A few of them eyed him strangely after the story conference, but no one said anything. Feeling slightly queasy, he returned to his office, speaking only to a couple of people on the way back. When he settled down behind his desk his thoughts were more than a little confused.
His researcher buzzed for admittance, and Rohrbach let him in.
“What is it, Danziger?”
“Sir. You remember that man you wanted me to try and trace? Anderson?”
Rohrbach looked up sharply, his mind now crystal clear. “Don’t tell me you found something on him?”
The researcher looked pleased. “Actually it wasn’t that hard, sir. His connection with Elvis is more than peripheral.” While Rohrbach looked on, Danziger glanced down at the notepad he carried. “Apparently he’s quite well known in the business.”
“The ‘business’? You mean, movies?”
Danziger nodded. “Knew Elvis real well. Did ten—no, eleven films with him.”

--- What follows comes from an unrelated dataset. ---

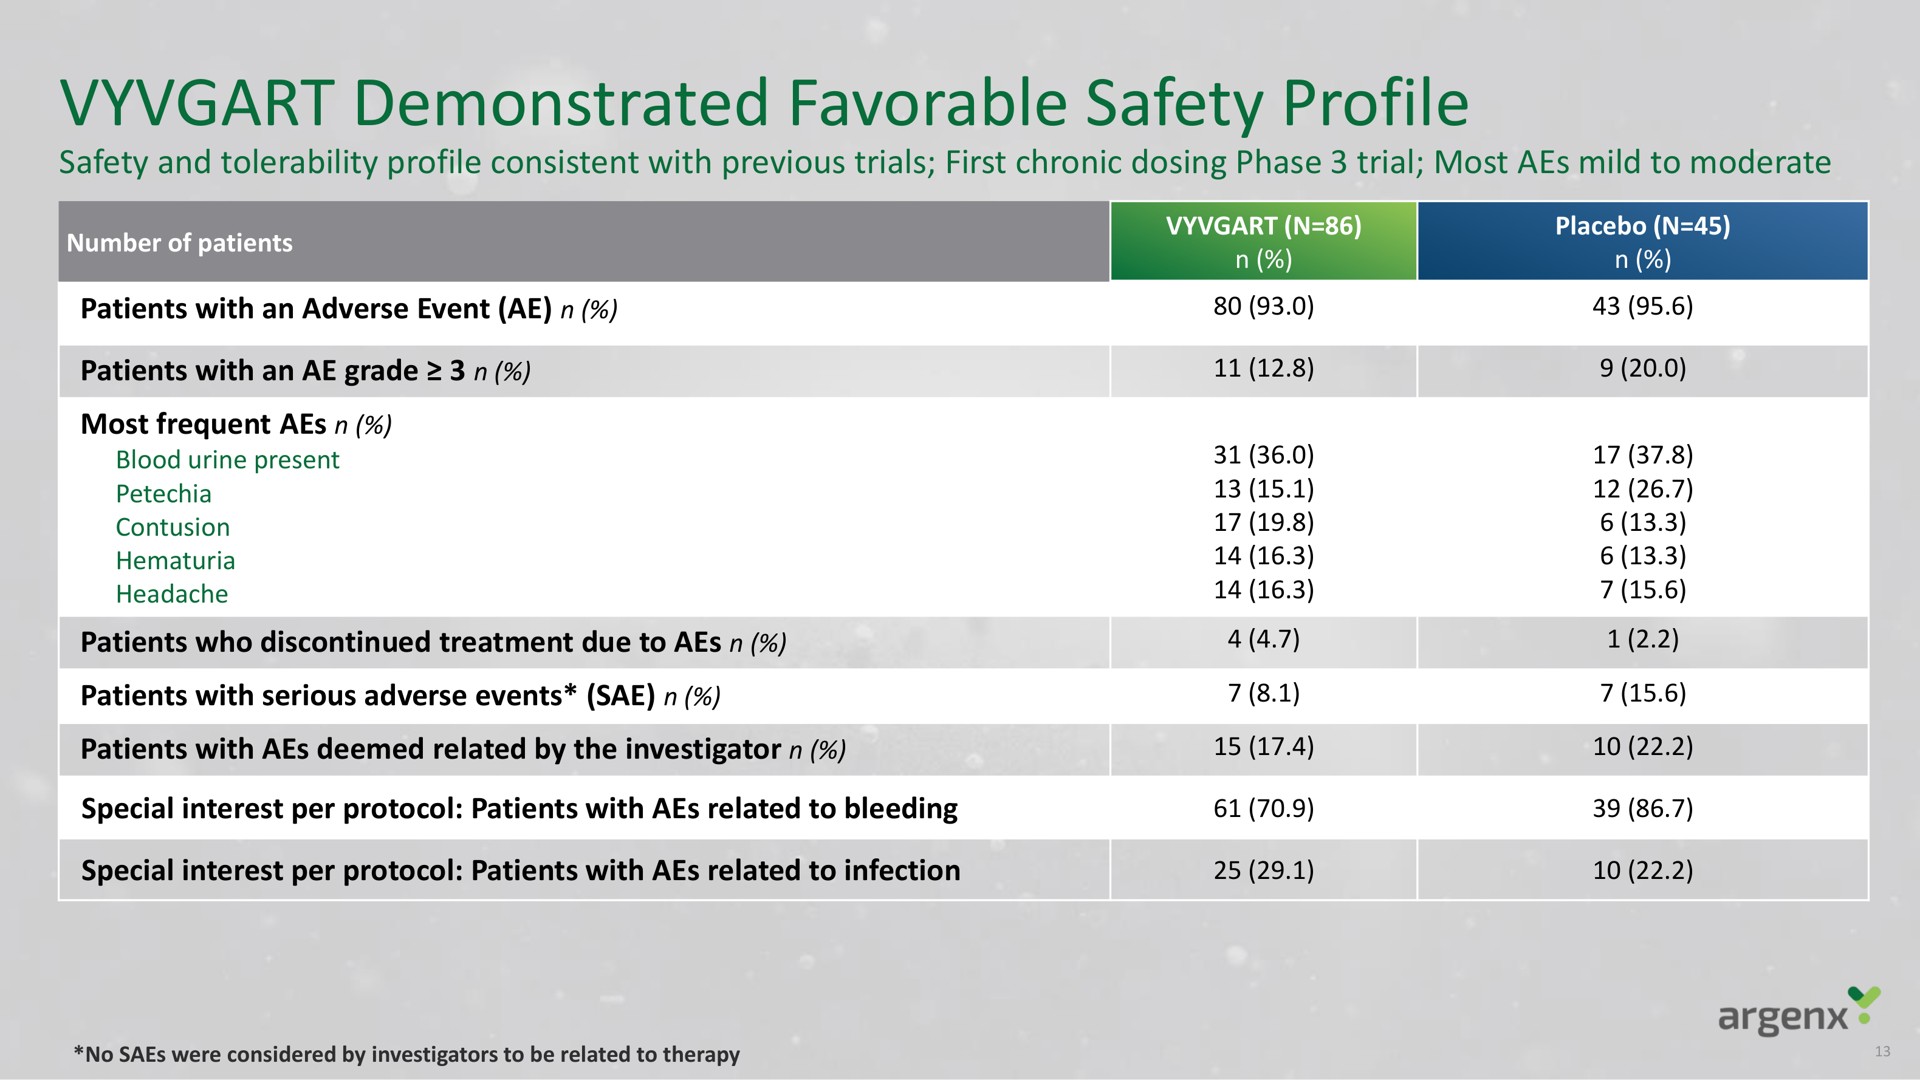 demonstrated favorable safety profile | argenx SE

Rohrbach hesitated. “He’s an actor?”
“Nope. And the operative verb is
was
. He passed away in December of 1991.”
Rohrbach said nothing, just sat there behind the big desk, gripping the edge with unconscious concentration.

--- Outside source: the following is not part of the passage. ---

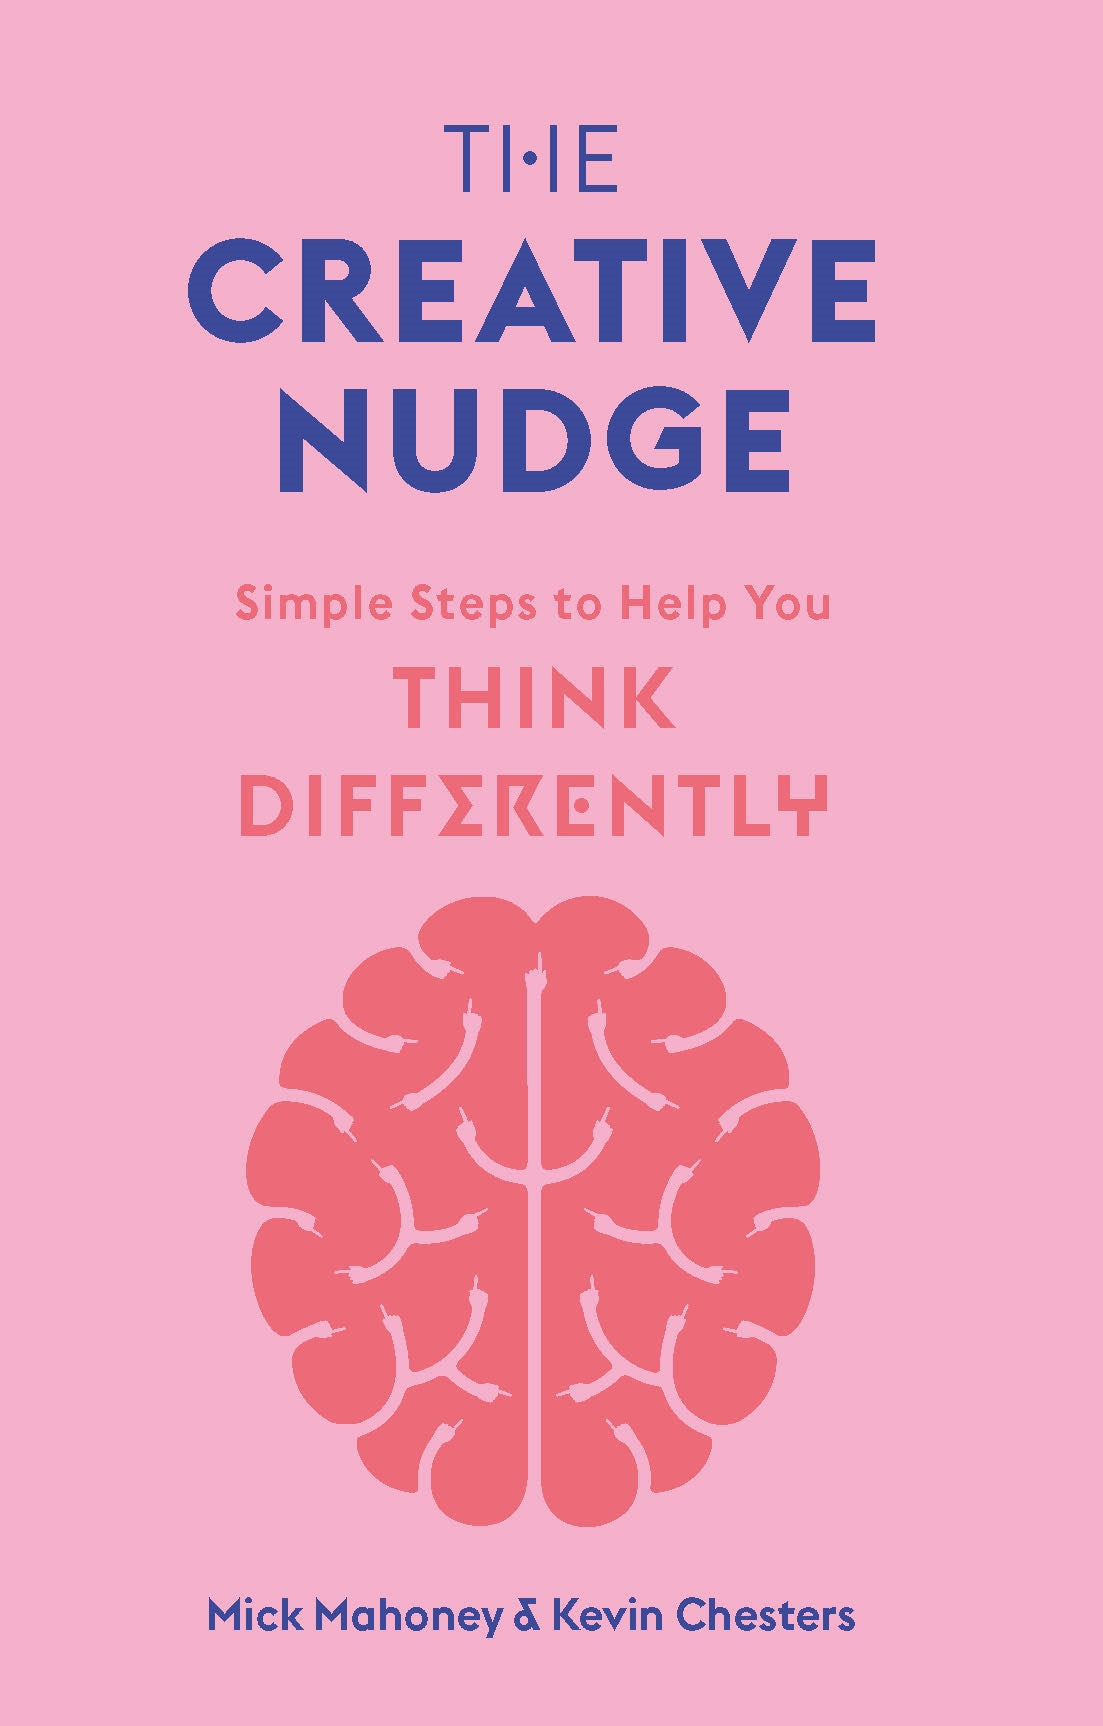 The Creative Nudge by Kevin Chesters, Mick Mahoney

“In a way he was probably ‘closer’ to Elvis than just about anybody the King worked with.” Danziger was grinning, pleased with himself. “He was a wardrobe master. Whipped up all of Elvis’s costumes on those pictures, did the fittings, took the measurements, made—” Danziger stopped, mildly alarmed. “Are you all right, sir? Maybe you should think about getting some new shirts. That collar looks awfully tight.”
[
Johnny Anderson and his family were my next-door
neighbors two houses removed when I was growing up
in California. Johnny was a great guy; everybody loved
him. Johnny knew Elvis a long time. They got along
great then, and I expect they do now.
There’s a picture of Johnny on page 144 of the
Elvis Album.]
WE THREE KINGS
I love monsters. You love monsters. Everybody loves
monsters. The literary and movie kind, of course—not
the real ones who unfortunately inhabit our day-to-day
world. It’s interesting that we like to read about invented
monsters because they help us to forget about the real
ones. Kind of like people who watch soap operas because they help them to forget about what they don’t
have in their own lives.
But who do monsters love? Or do monsters love? Is
there inevitably mutual admiration and respect, or must
they of course fear one another? It’s a truly monstrous
matter to contemplate.
Obviously the basis for a Christmas story.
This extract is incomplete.